We have found differences in the median percentage of CD4+ lymphocytes – it was higher in donors (44,3%) than in recipients (40,1%). Among CD4+ population there were also similar tendencies in CD4+ naïve cells and CD4+ EM (Effector Memory) cells. CD4+ naïve cells accounted for 24,5% in recipients and 38% in donors (p = 0,06). On the other hand CD4+ EM comprised of 28,8% in recipients and 19,8% in donors (p = 0,07). Interestingly, such changes are typical for physiological ageing. Physiologically, the decrement of naïve cells during the ageing process is caused mainly due to thymic involution, as well as expansion of memory cells [17]. In the allo-HCT long-term survivors, the mechanism could be similar as thymus suffers considerable injury after conditioning [18]. Though the decrement of the percentage of naïve cells is not limited to CD4+ naïve cells, we did not find differences nor any trends in CD8+ naïve cells. Moreover, with age the percentage of differentiated CD4+ and CD8+ memory and central memory cells increases [19]. Though we have found such tendency in CD4+ EM, strangely there were no trends in CD8+ EM. The increased proliferation of CD8+ lymphocytes was already mentioned above. We did not find differences or trends in CD8+ percentages with the exception found in the subpopulation expressing Eomesodermin (CD8+ Eomes+). In recipients it was greater than in donors – 39,4% and 31,5% respectively (p = 0,07). Eomesodermin is a transcription factor expression of which in CD4+ and CD8+ seems to be essential for development of effector memory cells [20] and therefore increased percentage of CD4+ and CD8+ with expression of this transcription factor may be one of the indicators of aged immune system.
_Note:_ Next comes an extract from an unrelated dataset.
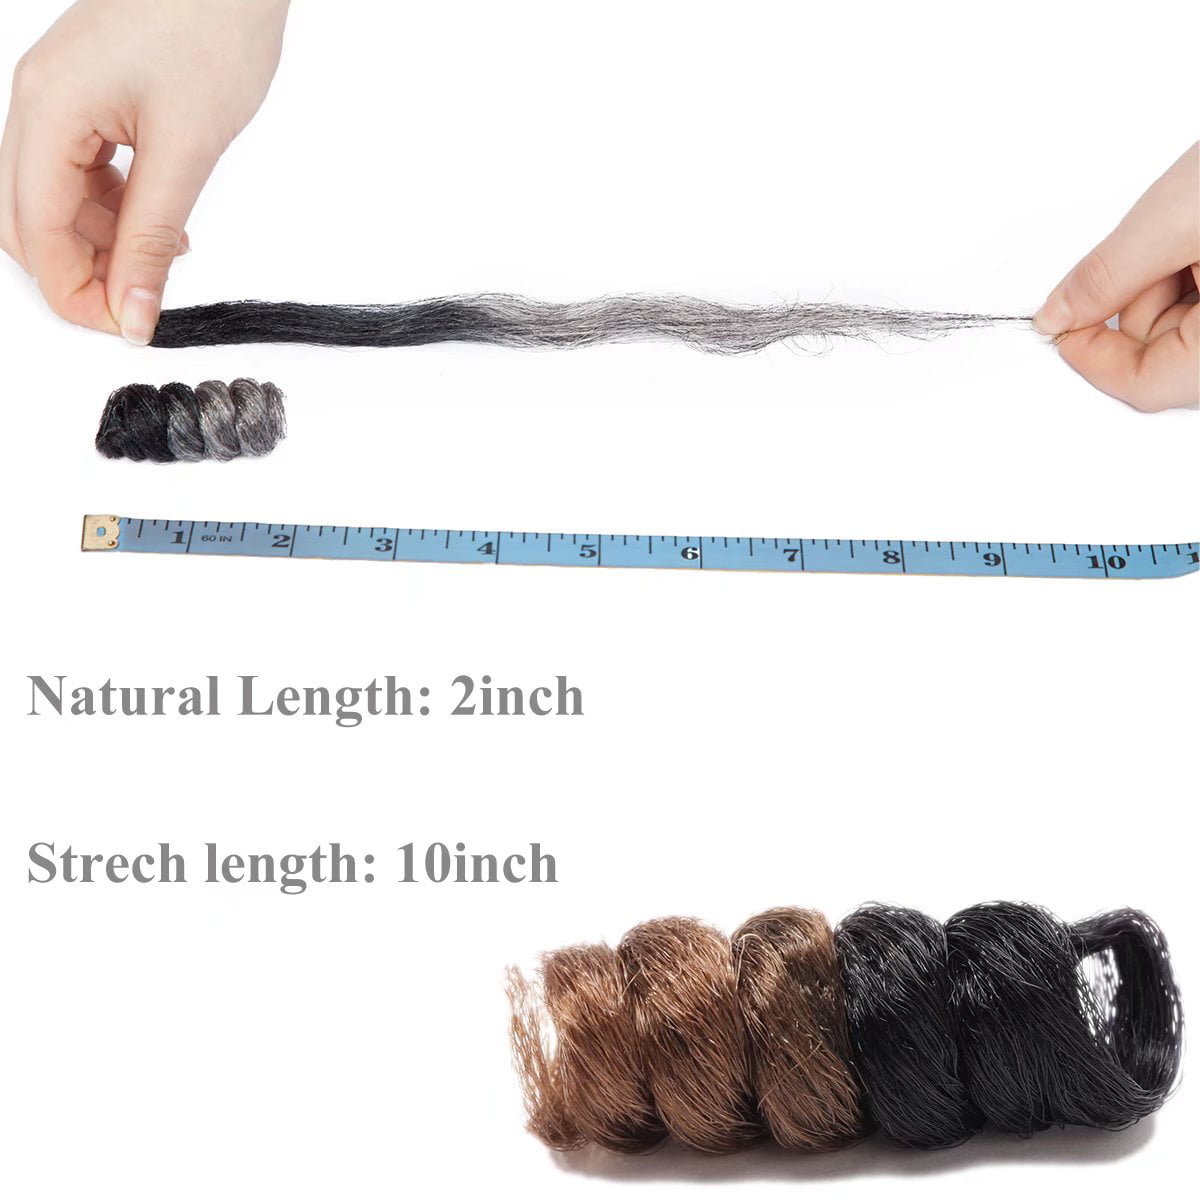 Benehair Toni Curl Crochet Braids Hair Extensions Short Curly Hair For  Black Women Ombre Twist Braiding 10 inch 100 Roots 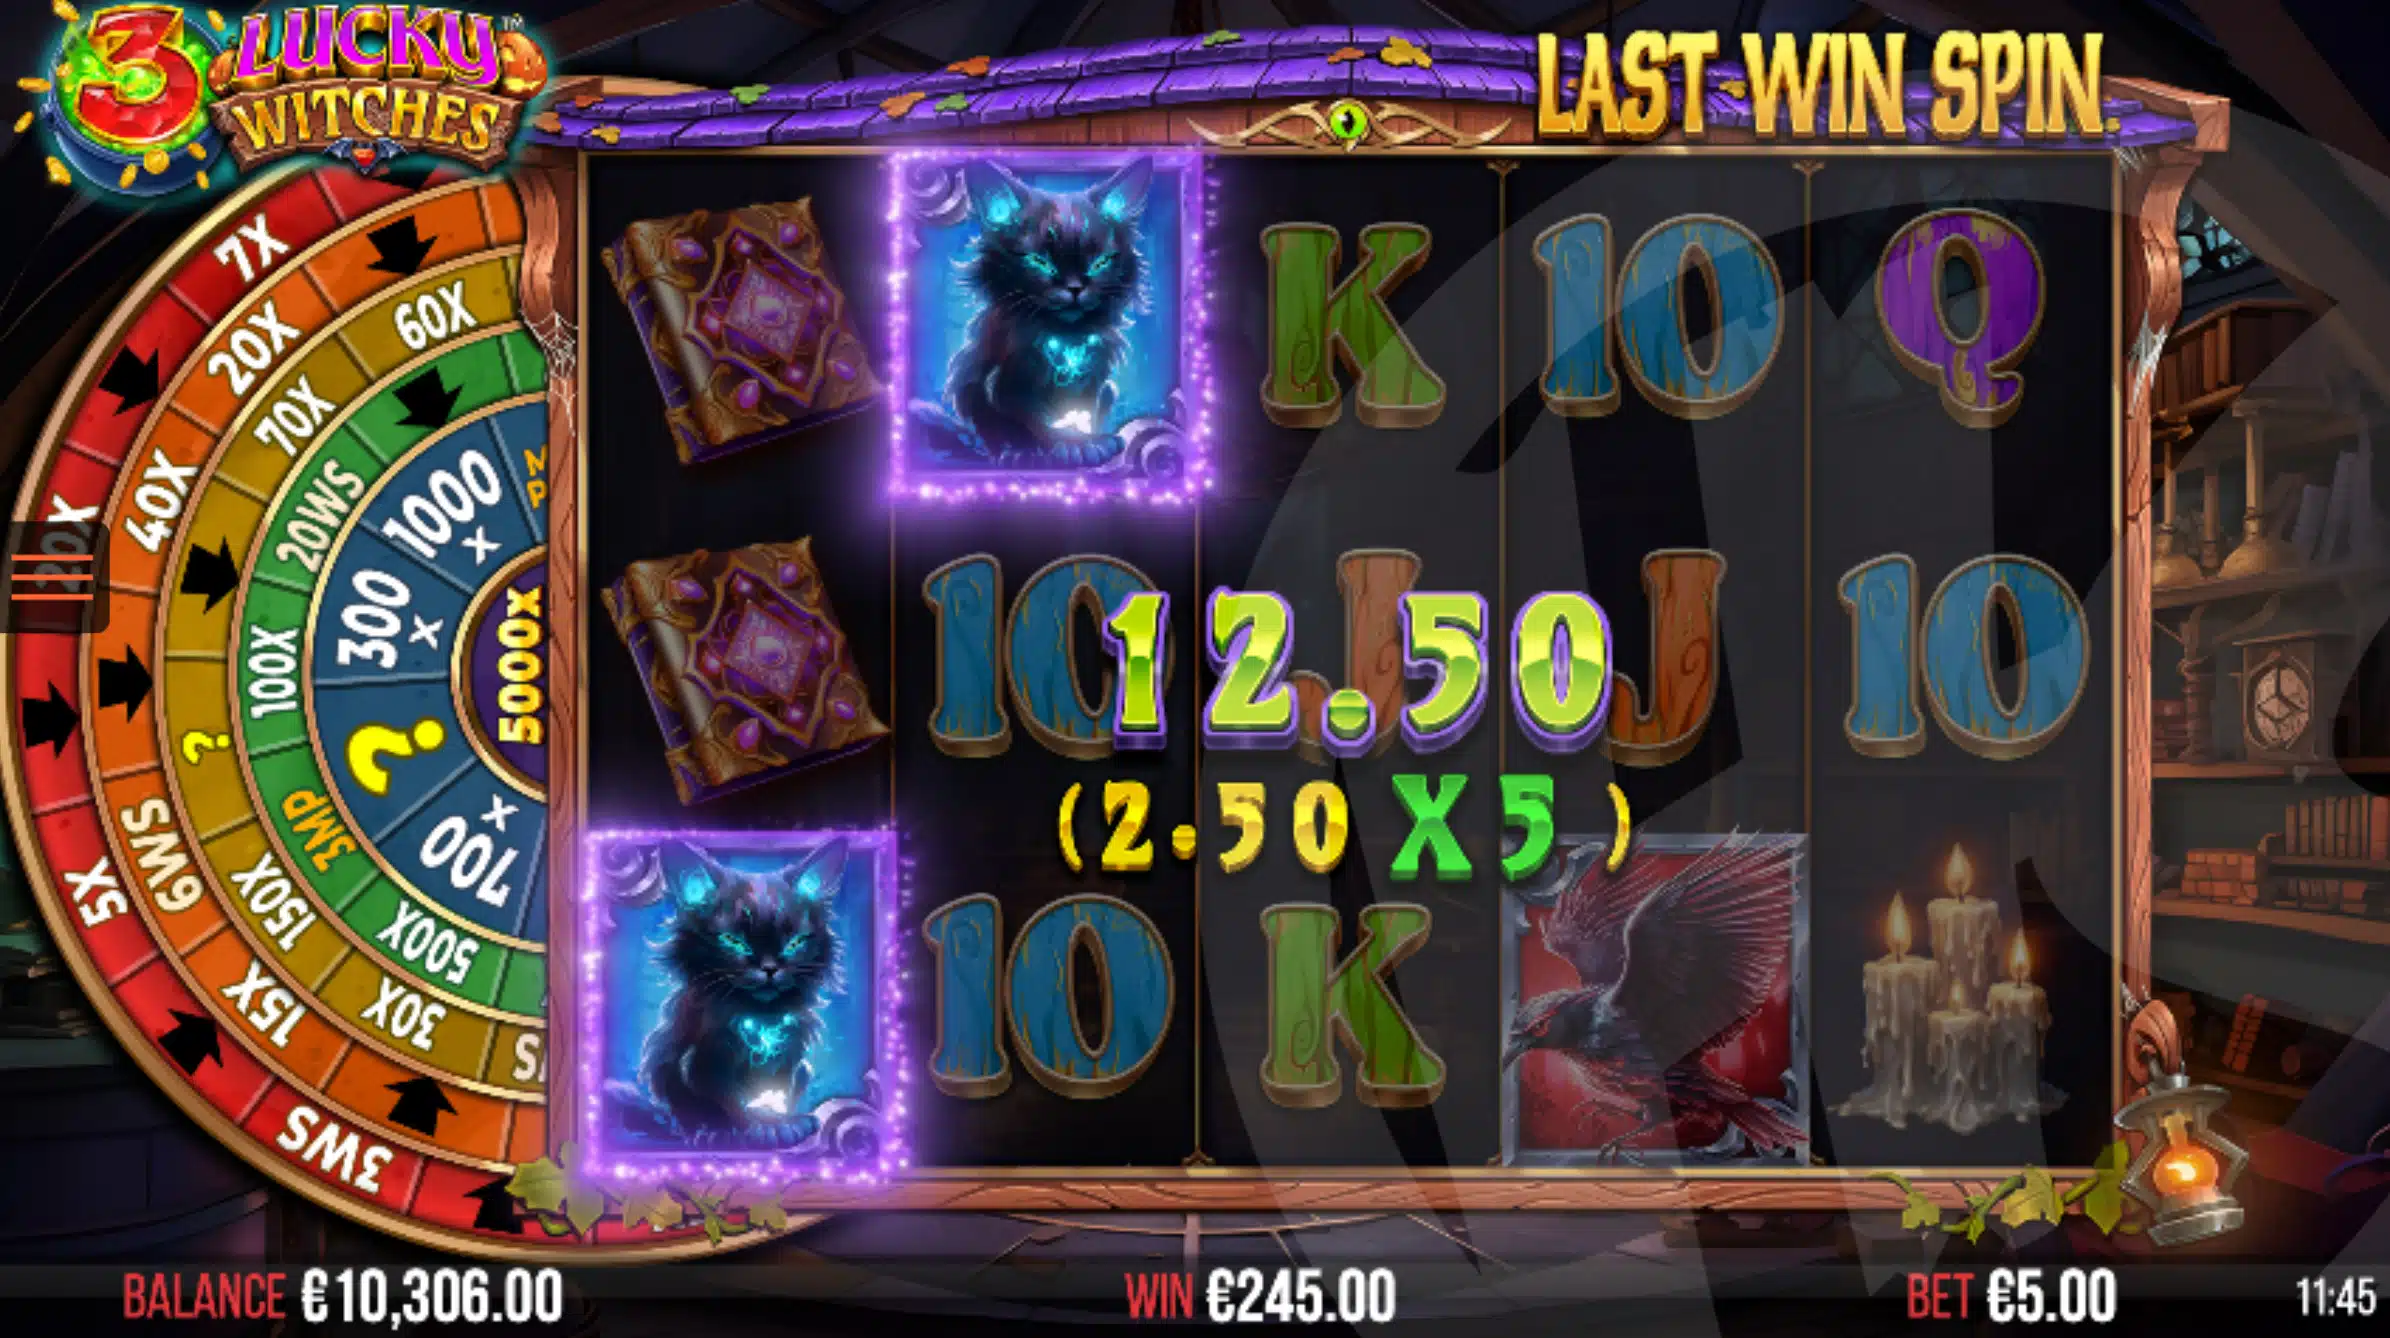 3 Lucky Witches Win Spins

In our study, we have found a significant decrease in CD4+/CD8+ ratio in recipients [1, 5] compared to their donors [1, 2] who retained normal CD4+/CD8+ ratio [21] (Table 4). Interestingly, in physiological ageing, inverted CD4+/CD8+ is common. It affects about 16% of people between 60 and 94 years of age [22] and is one of the features of immunosenescence [23, 24]. Our observation may suggest that decreased CD4+/CD8+ ratio in allo-HCT recipients is a sign of T cell exhaustion and/or accelareted ageing induced by allo-HCT.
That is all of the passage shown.